The Federal Reserve lowered the overnight Fed Fund rate by 25 basis points as expected, at the conclusion of last month’s FOMC meeting. As is the case following every FOMC meeting, the Fed Chairman gave a press conference with the goal of ensuring market participants understand the thinking of the committee. Typically, the reporters, most of whom are fixtures in the financial media, toss the Chairman “softball” questions so as to not embarrass him. At the July meeting Powell wasn’t afforded that courtesy as the media sought to understand what the Fed was trying to accomplish by cutting interest rates with the economy clearly growing strongly. Was there something that the markets weren’t seeing that worried the Fed and, if so, what was it?
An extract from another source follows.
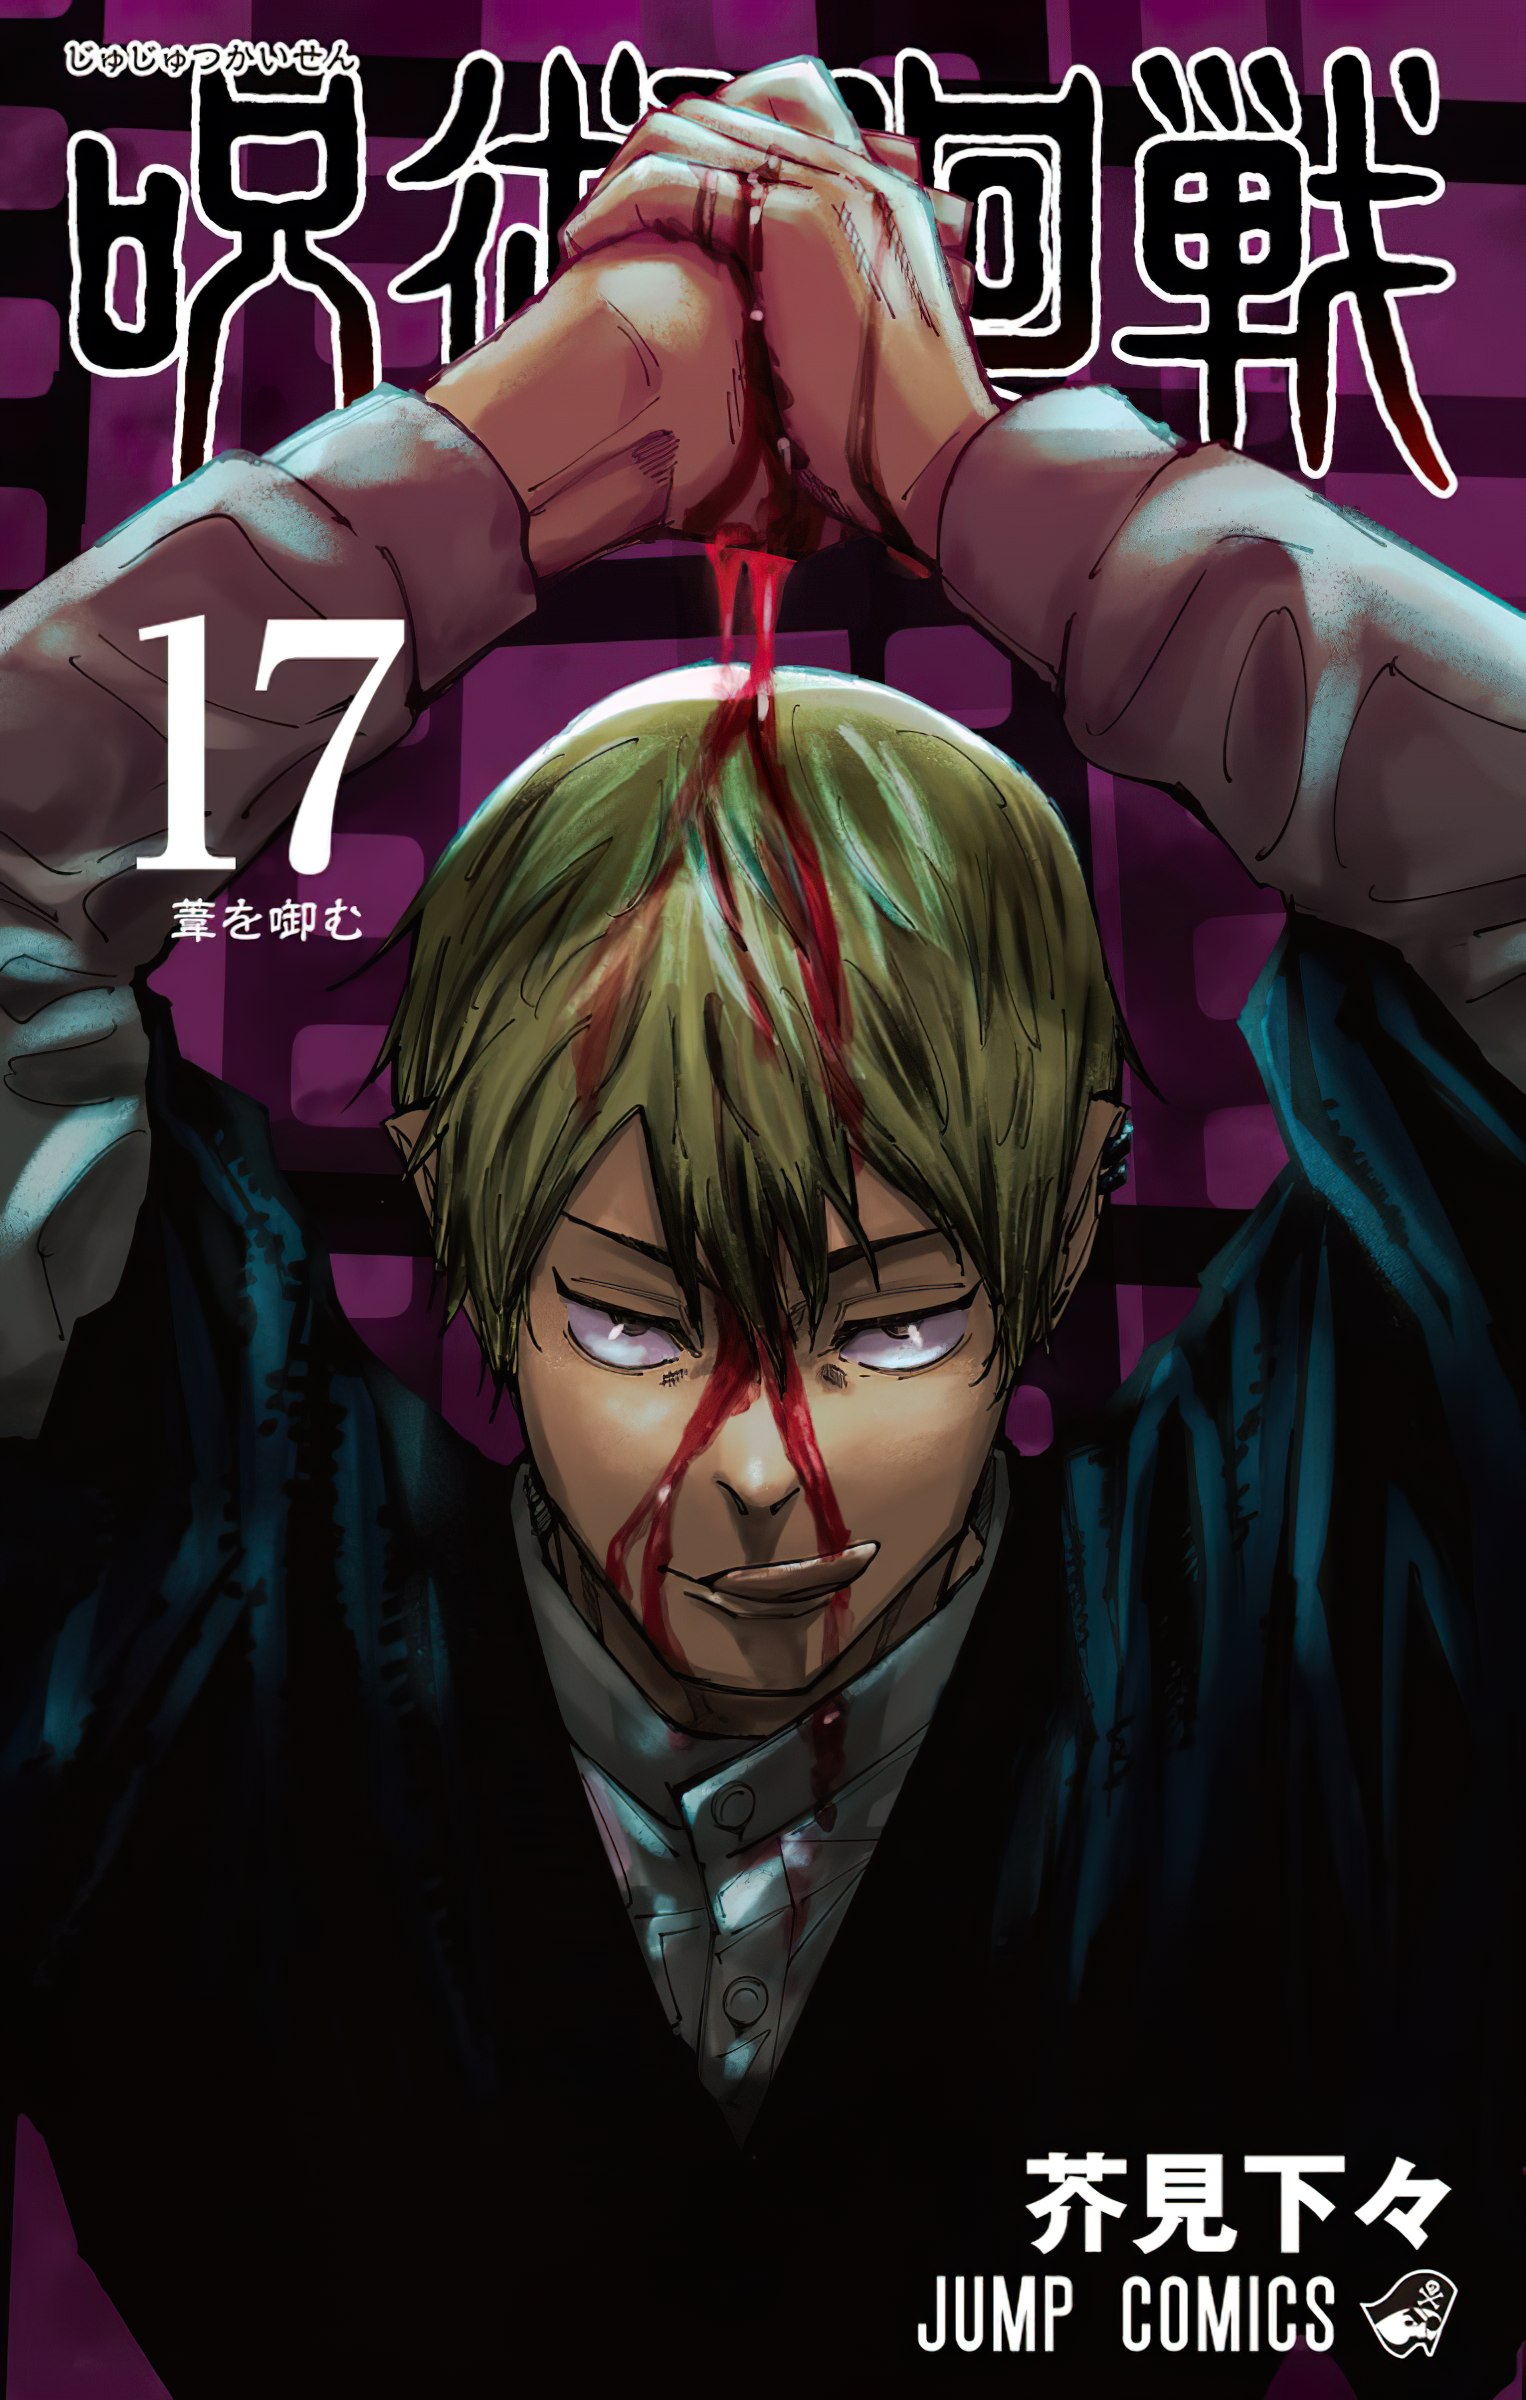 El manga Jujutsu Kaisen revela la portada de su volumen 17 — Kudasai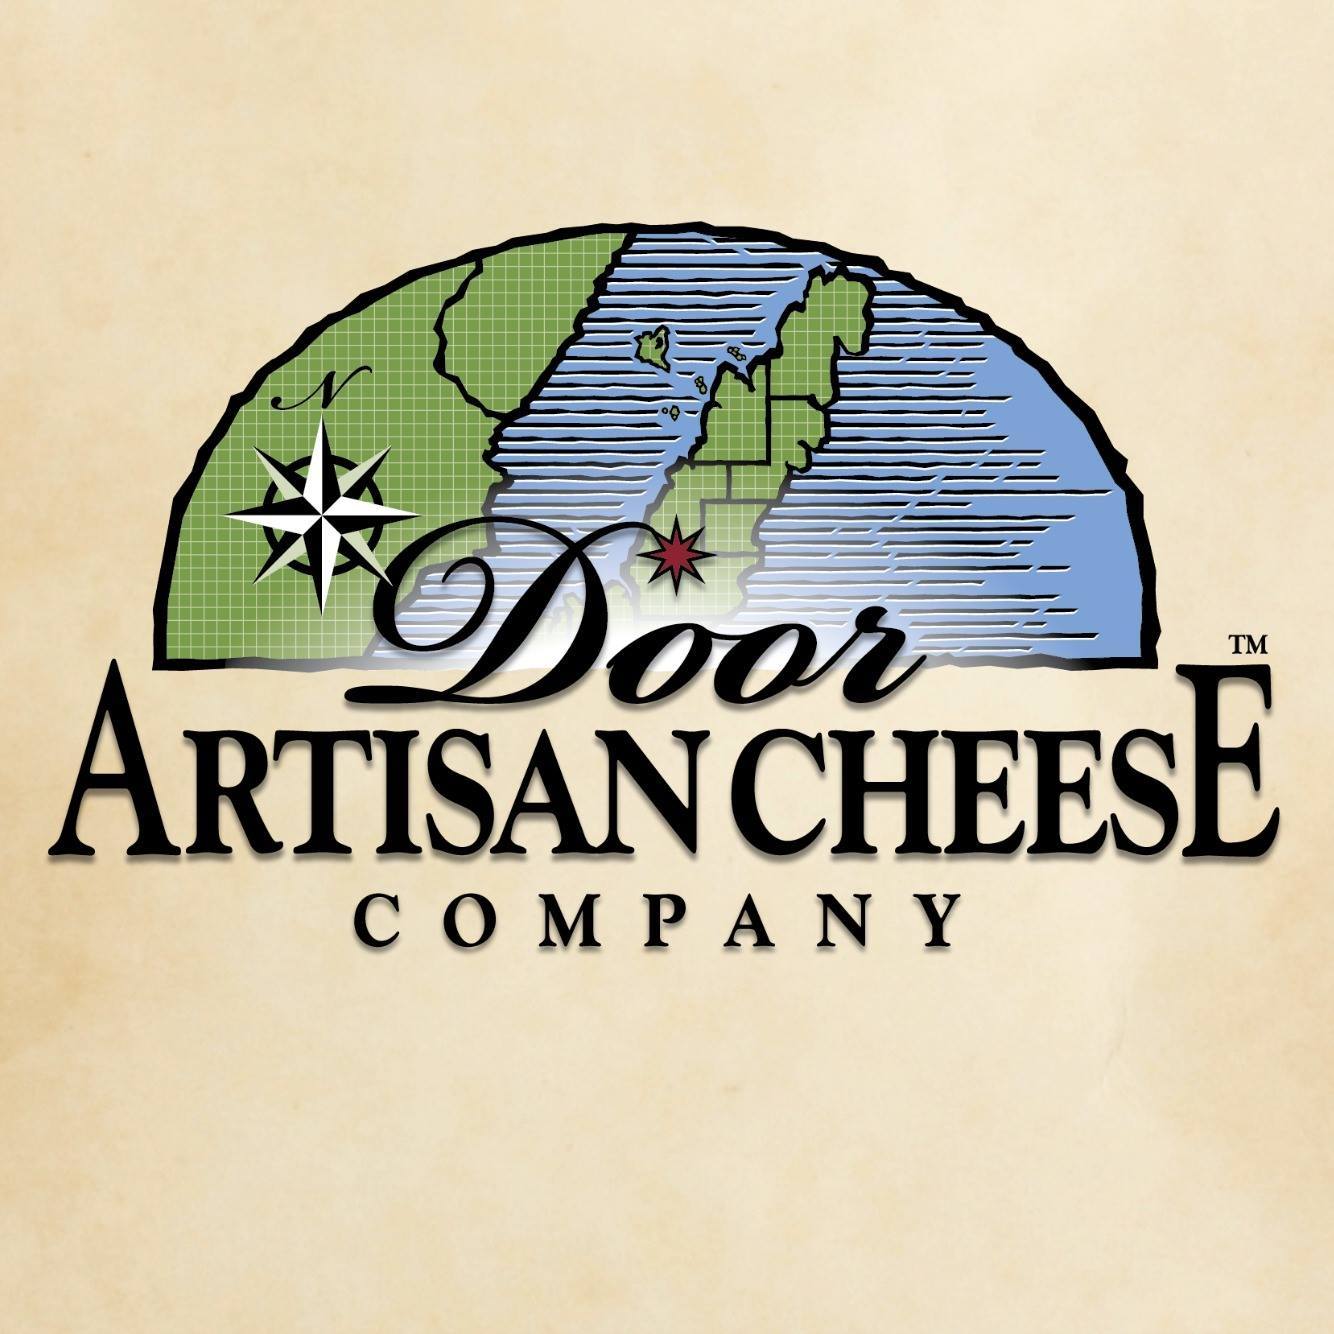 door artisan cheese company

Is this the beginning of a new easing cycle and if so how low would rates need to fall? Did the Fed intend to drive interest rates into negative territory as has been done in Japan and Europe? Those were just a few of the questions asked with plenty more of a similar nature. Why did the Fed bring the “punchbowl” back when the party was still going strong? As he answered question after question it became clear that Chairman Powell was growing more and more uncomfortable. He didn’t fare any better in the print media that described the Fed as having been “brow-beaten” into acquiescing to the demands of President Trump.
In addition to cutting the overnight lending rate, the Fed announced that they would begin quantitative easing effective August 1st, several months earlier than they had suggested earlier in the month. Last week they participated in the 10-year and 30-year auctions. On Wednesday, the Treasury auctioned $27 billion 10-year notes with the Fed buying an additional $17.6 billion. Similarly, on Thursday when the Treasury auctioned $19 billion 30-year bonds, the Fed bought an additional $12.39 billion. It occurs to us that their reporting is a bit disingenuous in that only the publicly auctioned paper is communicated as the auction amount, when in fact the amount borrowed is much larger.
As though the Chairman hadn’t muddied the waters enough, St. Louis Fed President James Bullard, a monetary policy “dove,” gave a speech in Washington on August 6th, in which his comments were somewhat perplexing. His said the Fed won’t react to day-to-day market moves and that the committee has already taken trade policy into consideration with regard to monetary policy. He did say that he wouldn’t rule out future policy changes but that is a far cry from communicating that the Fed is going to again cut rates in September. But they very well could cut again in September or December because they have confused investors to the point that their next move is anyone’s guess.
Since the rate cut, the bond market has staged a massive rally, with the 30-year bond up nearly 13 points and the yield standing at just above 2.00%. To put that into perspective, the Core Consumer Price Index rose 2.20% year-over-year in July. That means that bond investors are destroying wealth by holding a bond that yields less than inflation. The bond bulls will counter by pointing out that at least the yields are not negative as they are in Japan and Europe. That argument rests on the premise that the Fed’s policy is less bad than that being pursued by other central banks. That logic may hold in the short term but ultimately bad policy begets an undesirable outcome.
The drop in yield has prompted a new wave of refinancing as mortgage rates slip below 4.0% for a conventional 30-year mortgage. Should the refinance cycle continue into the fall, we can expect that the stimulative effect it has on the economy to return. That’s likely to be supportive for consumption and GDP growth.